Varenka, with her white kerchief on her black hair, surrounded
by the children, gaily and good-humoredly looking after them, and
at the same time visibly excited at the possibility of receiving
a declaration from the man she cared for, was very attractive.
Sergey Ivanovitch walked beside her, and never left off admiring
her. Looking at her, he recalled all the delightful things he
had heard from her lips, all the good he knew about her, and
became more and more conscious that the feeling he had for her
was something special that he had felt long, long ago, and only
once, in his early youth. The feeling of happiness in being near
her continually grew, and at last reached such a point that, as
he put a huge, slender-stalked agaric fungus in her basket, he
looked straight into her face, and noticing the flush of glad and
alarmed excitement that overspread her face, he was confused
himself, and smiled to her in silence a smile that said too much.

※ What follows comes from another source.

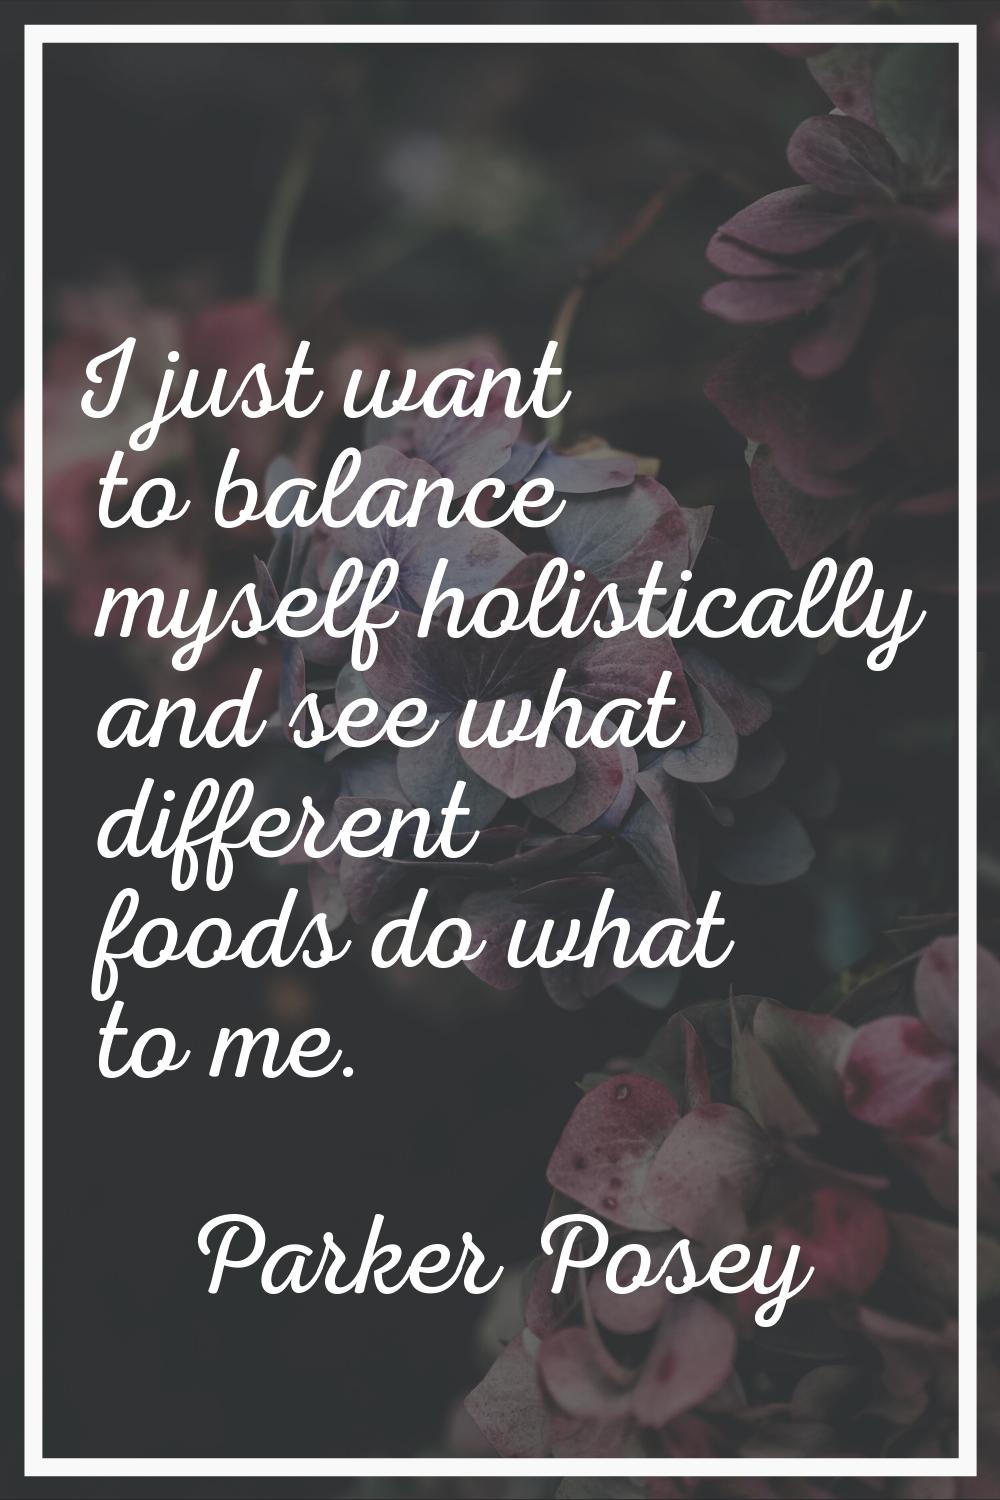 I just want to balance myself holistically and see what different foods do what to me.

"If so," he said to himself, "I ought to think it over and make
up my mind, and not give way like a boy to the impulse of a
moment."
"I'm going to pick by myself apart from all the rest, or else my
efforts will make no show," he said, and he left the edge of the
forest where they were walking on low silky grass between old
birch trees standing far apart, and went more into the heart of
the wood, where between the white birch trunks there were gray
trunks of aspen and dark bushes of hazel. Walking some forty
paces away, Sergey Ivanovitch, knowing he was out of sight, stood
still behind a bushy spindle-tree in full flower with its rosy
red catkins. It was perfectly still all round him. Only
overhead in the birches under which he stood, the flies, like a
swarm of bees, buzzed unceasingly, and from time to time the
children's voices were floated across to him. All at once he
heard, not far from the edge of the wood, the sound of Varenka's
contralto voice, calling Grisha, and a smile of delight passed
over Sergey Ivanovitch's face. Conscious of this smile, he shook
his head disapprovingly at his own condition, and taking out a
cigar, he began lighting it. For a long while he could not get a
match to light against the trunk of a birch tree. The soft
scales of the white bark rubbed off the phosphorus, and the light
went out. At last one of the matches burned, and the fragrant
cigar smoke, hovering uncertainly in flat, wide coils, stretched
away forwards and upwards over a bush under the overhanging
branches of a birch tree. Watching the streak of smoke, Sergey
Ivanovitch walked gently on, deliberating on his position.